[MLton] WideChar

Wesley W. Terpstra terpstra@gkec.tu-darmstadt.de
Sat, 11 Dec 2004 02:05:23 +0100


On Fri, Dec 10, 2004 at 07:40:28PM -0500, Adam Goode wrote:
> Case conversion is not too bad (in the simple case), and the
> UnicodeData.txt file gives these "simple" case mappings. Most characters
> don't have a notion of a case mapping, including the characters with 
> ord x < 128. 
> 
> Right now, toUpper and toLower return the character unchanged if it
> doesn't have a corresponding mapping. Shouldn't this just be the
> behavior for the WideChar functions?

I suppose that makes sense.
So, you would leave ß as ß when converting toUpper in WideChar?

> In general, you don't worry that much about locales when you are working
> at the level of individual characters. But there are exceptions. For
> example, the letter I. In Turkish, U+0069 LATIN SMALL LETTER I (i) maps
> to U+0130 LATIN CAPITAL LETTER I WITH DOT ABOVE (İ), not to LATIN
> CAPITAL LETTER I (I). And U+0049 LATIN CAPITAL LETTER I (I) maps to U
> +0131 LATIN SMALL LETTER DOTLESS I (ı). Yikes.

That is nasty.
So, why not put these things in the locale and provide the Unicode
defined classes and conversions in the WideChar.is* .toUpper/Lower?

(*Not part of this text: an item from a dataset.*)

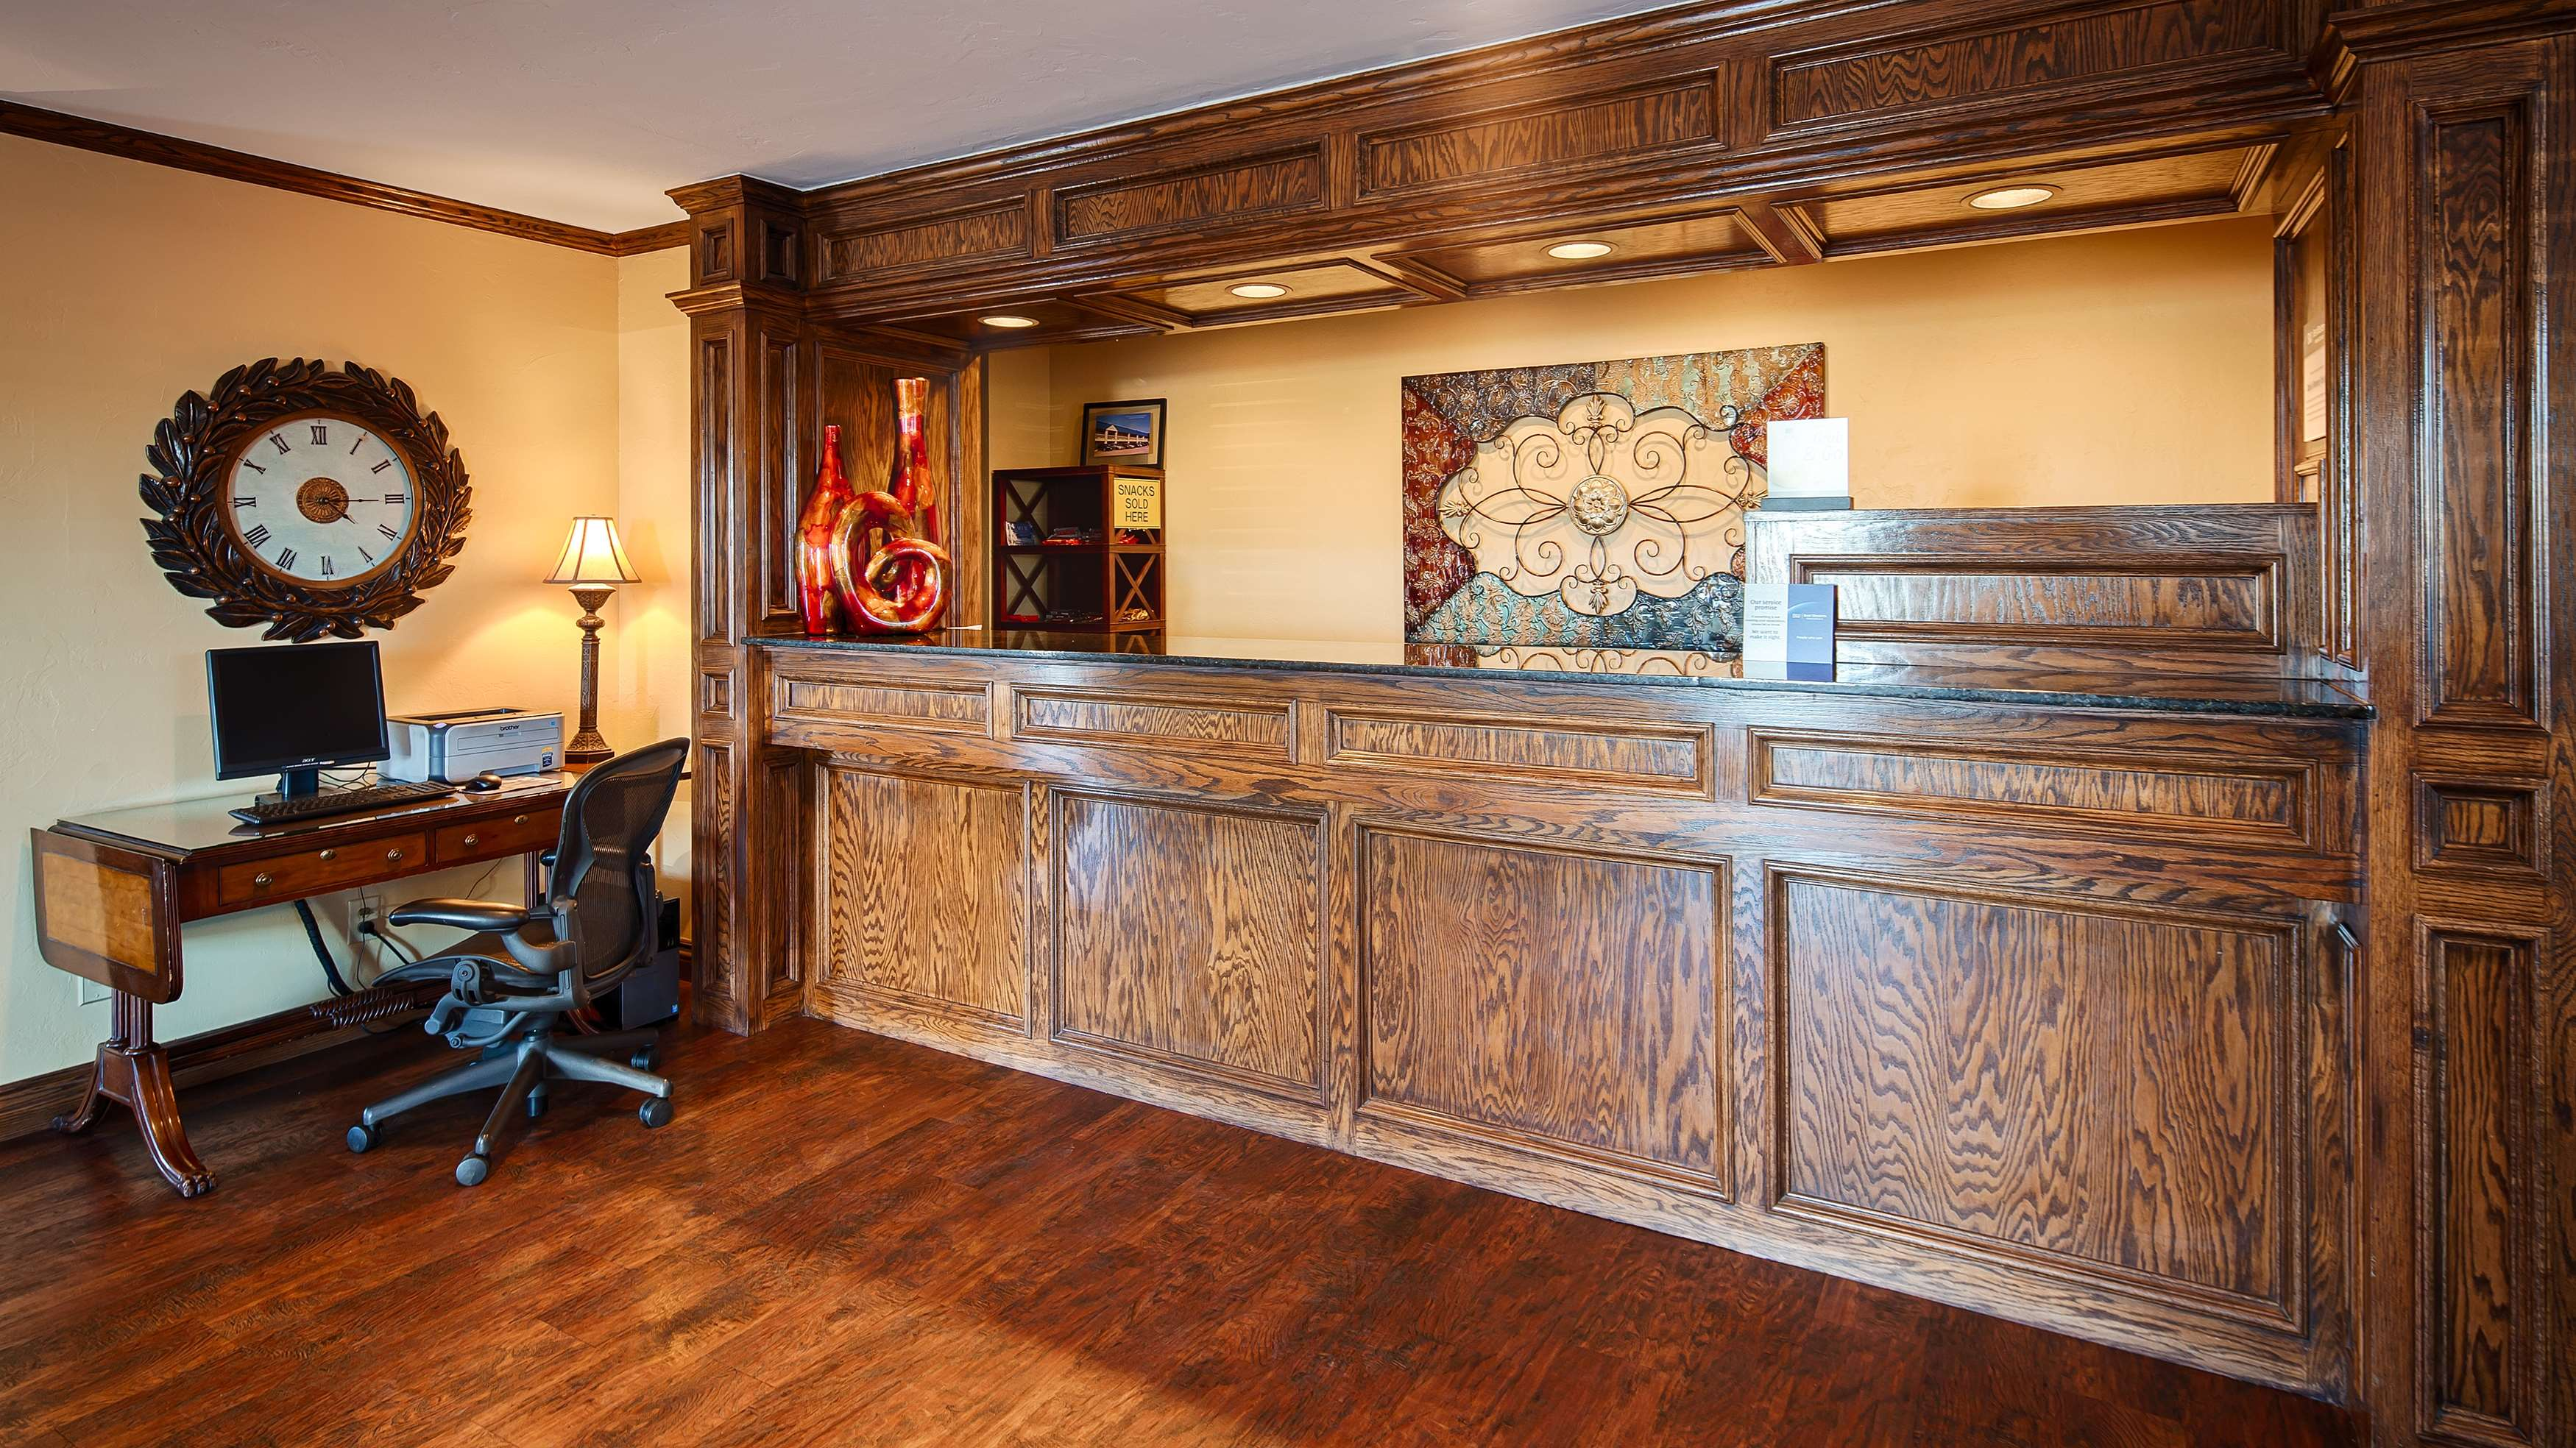 Best Western Inn of McAlester image 6

So, you get Unicode behaviour in WideChar+Char, but if you want
locale-correct conversions for German or Turkish, you use:

signature LOCALE =
  sig
    ...
    val toLower: t -> char -> string
    val isUpper: t -> char -> bool
  end

More suggestions?

-- 
Wesley W. Terpstra <wesley@terpstra.ca>